I'm running guardrails-ai==0.2.4
and was basing my attempts off of https://docs.guardrailsai.com/examples/provenance/#provenance-v1
The ProvenanceV1 validation works when I supply gpt-3.5-turbo
as is the default. I can't immediately see what's different with the guardrail I'm building between the two - the openai_callable
function defined in set_callable
looks pretty identical. I can't find any examples of a custom callable besides.
While the OpenAI string model value works for me during testing I cannot use that for my application and need to use Google's instead, just to clarify!
Thanks for any help you can provide! I'll continue looking into the docs / code to figure out what's happening with the validator parsing
Hi! Your assessment is correct, this is a bug in how the feature is documented vs how it works. With the current sequencing of guard runs, validator params are serialized/deserialized before they're executed.
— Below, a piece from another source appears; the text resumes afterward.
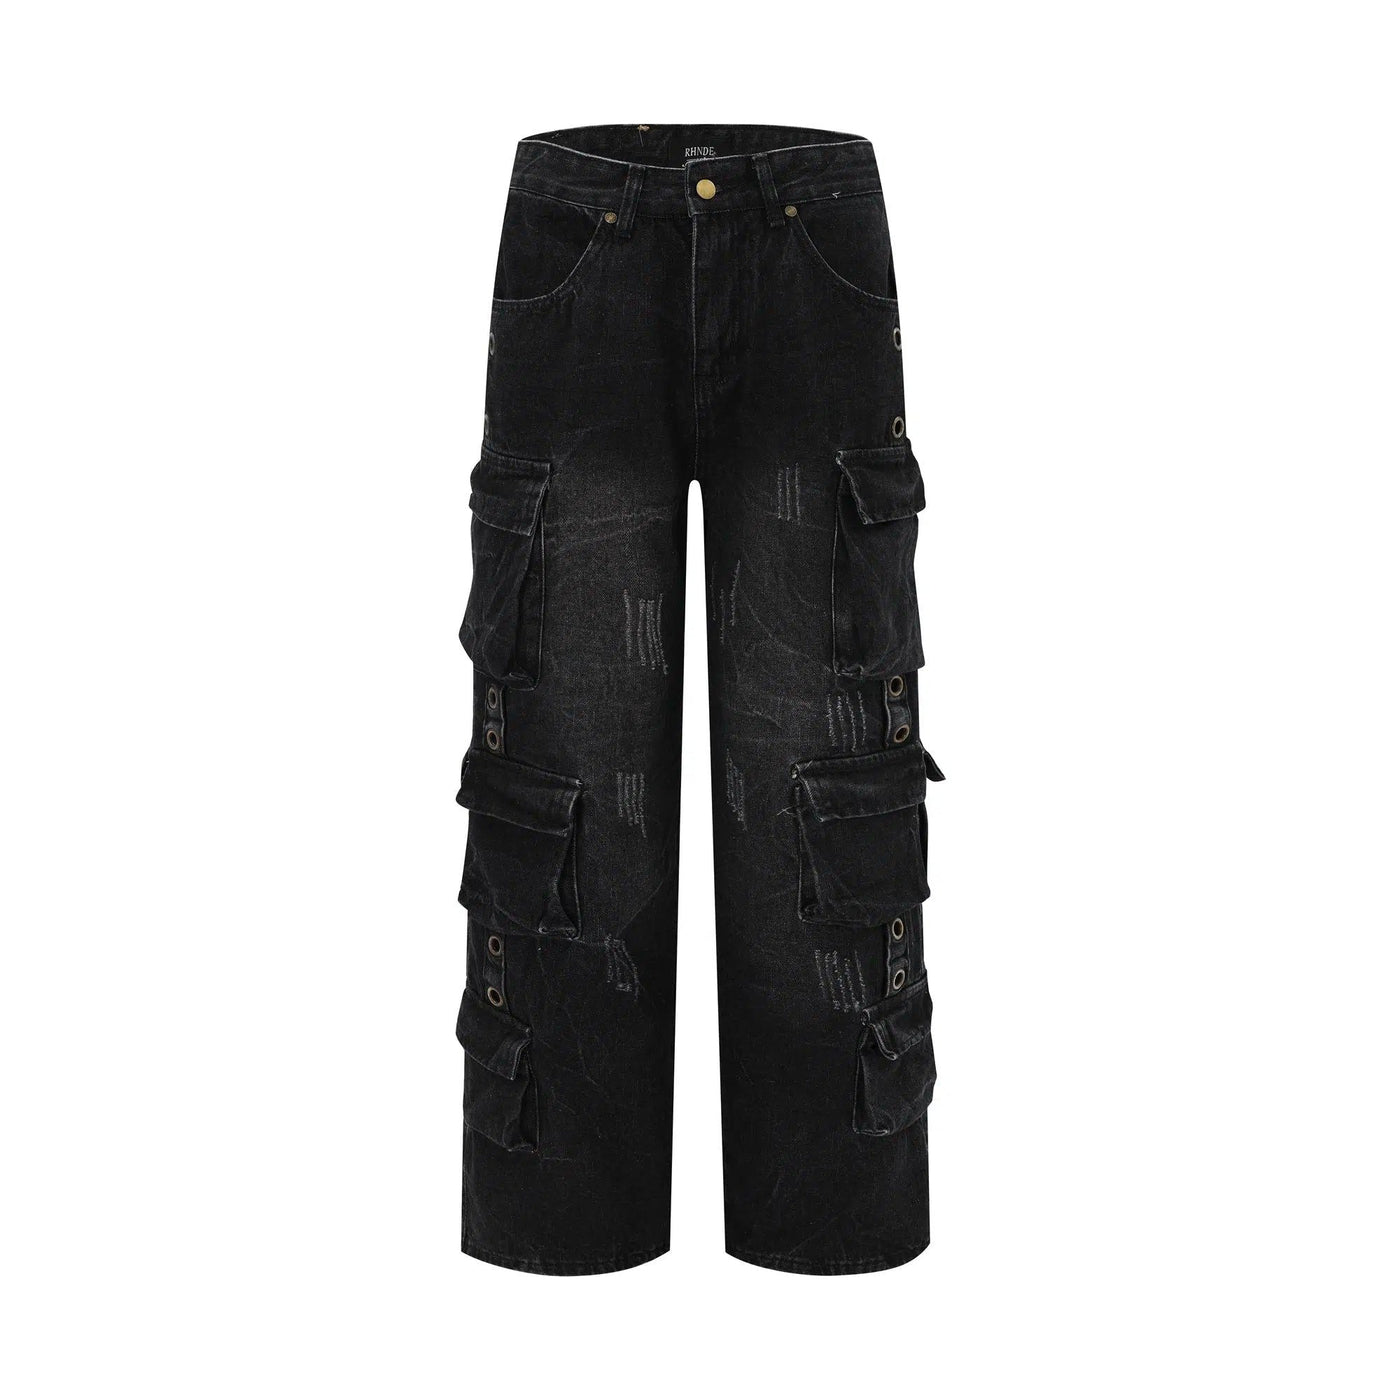 Distressed Utility Cargo Jeans Korean Street Fashion Jeans By Blacklists Shop Online at OH Vault

This is not loss-less when it tries to run on callables. As a result, callable-passing via parameters isn't available through validators even though the provenancev1 validator accepts a callable of that method signature.
The fix here would be to rewrite the provenancev1 validator to accept the llm_callable as metadata instead of as a param.
This hasn't currently been prioritized, but I'll try to see if we can get it released in 0.2.5 (sometime next week). I'll return with a more concrete ETA once we have it. I'll also tag this issue as a "Good first issue", I think it's something someone can get to with limited context.
Awesome, thanks @zsimjee!
This'll be solved as part of our move away from using XML serialization internally, within the next two weeks.